# Tire Decoration question



## Boosted-Z71 (Nov 26, 2007)

I am trying to come up with some tires to cut in half, paint white, and use as corner barriers like they do on some of the dirt tracks I have been to around here. The problem is most of the tracks I have been to use some of the larger tractor or heavy equipment tires, that is the look I want but I cant find a HO size that replicates that look for my track, anyone have any ideas on what scale to look for? 

I tried the normal HO tire and they just look too small, I really dont want to cut up the larger HO truck tires as they still may look too small.

My guess is I need 40 tires or so to do what I want to do. 

Thanks

Boosted


----------



## wheelszk (Jul 8, 2006)

You could try 1/43 0r 1/32 tires.


----------



## NTxSlotCars (May 27, 2008)

What I used is on this page...
http://www.hobbytalk.com/bbs1/showthread.php?t=290693&page=2

They come out lookin like this...


----------



## Boosted-Z71 (Nov 26, 2007)

NTX, Those are perfect, That is exactly the look I want, Thank you!

I am on the lookout for hot wheels

Thanks

Boosted


----------



## Boosted-Z71 (Nov 26, 2007)

Here is what I have done for 1 turn, I think they turned out great 

Thanks NTX

Boosted


----------



## Boosted-Z71 (Nov 26, 2007)

Here is a shot of the Table, I have this half mostly done except for wiring & the timing system.

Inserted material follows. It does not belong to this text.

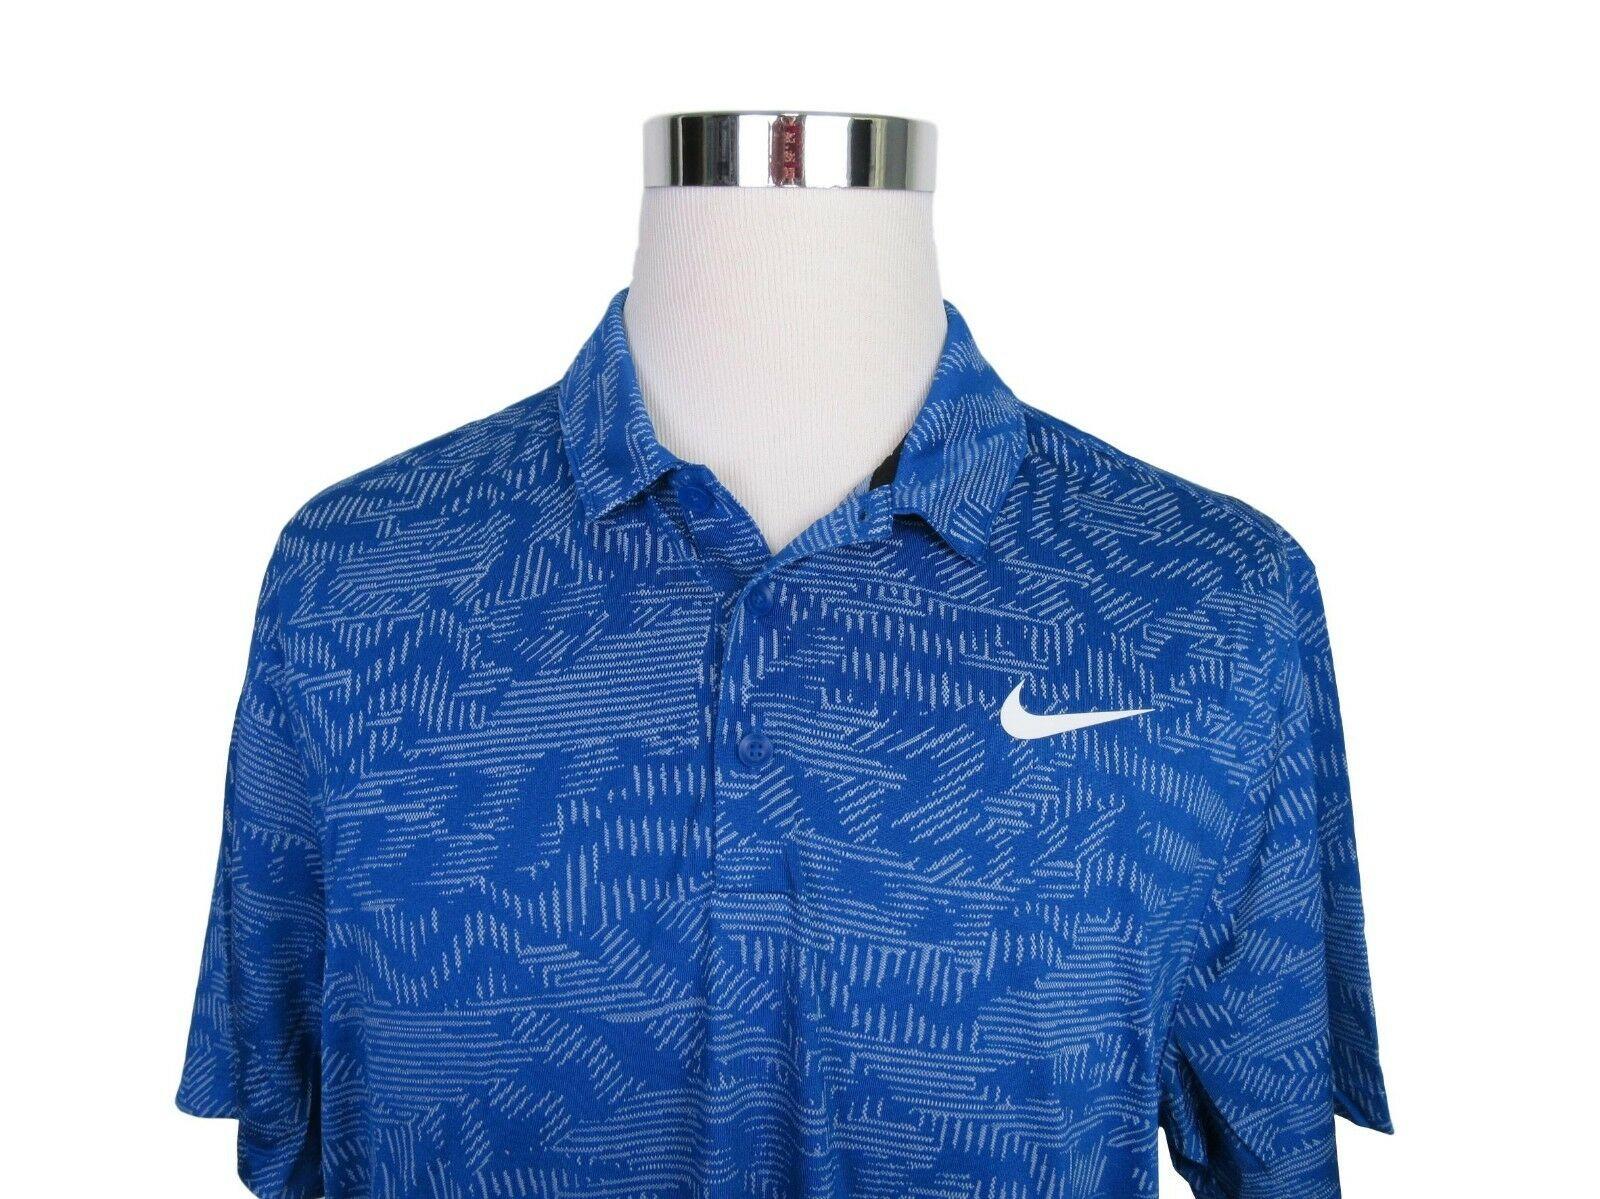 35a8bd43d Nike Golf Breathe Jacquard Blue Polo Shirt Size XL Men's Short Sleeve New  $70

Working on the other half now.


----------



## pshoe64 (Jun 10, 2008)

Maybe the Hotwheels monster truck tires? I see racks of these at Wally-World marked down quite often. 

-Paul


----------



## pshoe64 (Jun 10, 2008)

Quick follow up. There's a resin caster out there with scenery products called Jerzeywallz. Not sure if they do HO scale. I've seen 1/32 and 1/43rd stuff posted by them on another slot site. Maybe a search will turn up a link? Hope this is some help.

-Paul


----------



## Boosted-Z71 (Nov 26, 2007)

pshoe64 said:


> Maybe the Hotwheels monster truck tires? I see racks of these at Wally-World marked down quite often.
> 
> -Paul


That is exactly what I used, & they look great

Boosted


----------



## TBI (Apr 25, 2011)

What about finding some plastic tubing the size you're looking for, slice it up and paint 'em white?

Much cheaper and easier than tracking down a bunch of hot wheels


----------



## NTxSlotCars (May 27, 2008)

Boosted-Z71 said:


> Here is what I have done for 1 turn, I think they turned out great
> Thanks NTX
> Boosted












That turned out great!!! :thumbsup:


----------



## Boosted-Z71 (Nov 26, 2007)

Just a side note, I have 6", 9", 12" & straight borders (red/white) in both PDF or jpeg files. The one you see in the corner with the tires I made from these patterns. I took them to Staples & printed them in color @$1 / page on heavy card stock, then sprayed them with clear coat, you get 7 or 8 borders per 8-1/2 x 11 sheet, so its a very cheap decoration. I used a combination of all sizes to get around the corners on the routed track. just piece together what you need.

If anyone wants them, PM me with your e-mail & I will send the files to you. 

Boosted


----------



## joegri (Feb 13, 2008)

hey boosted i just spied out yer trak. very nice man! how far along are you now? lookin good.


----------



## Boosted-Z71 (Nov 26, 2007)

Hi Joe, I have it ready to slide the halves together hopefully today, I have everything done on top of the track that you need to run, I need to install the timing circuit & a little re-wire as I am adding brakes, but yes I am getting really close. I will post some more photos soon.

Thanks

Boosted


----------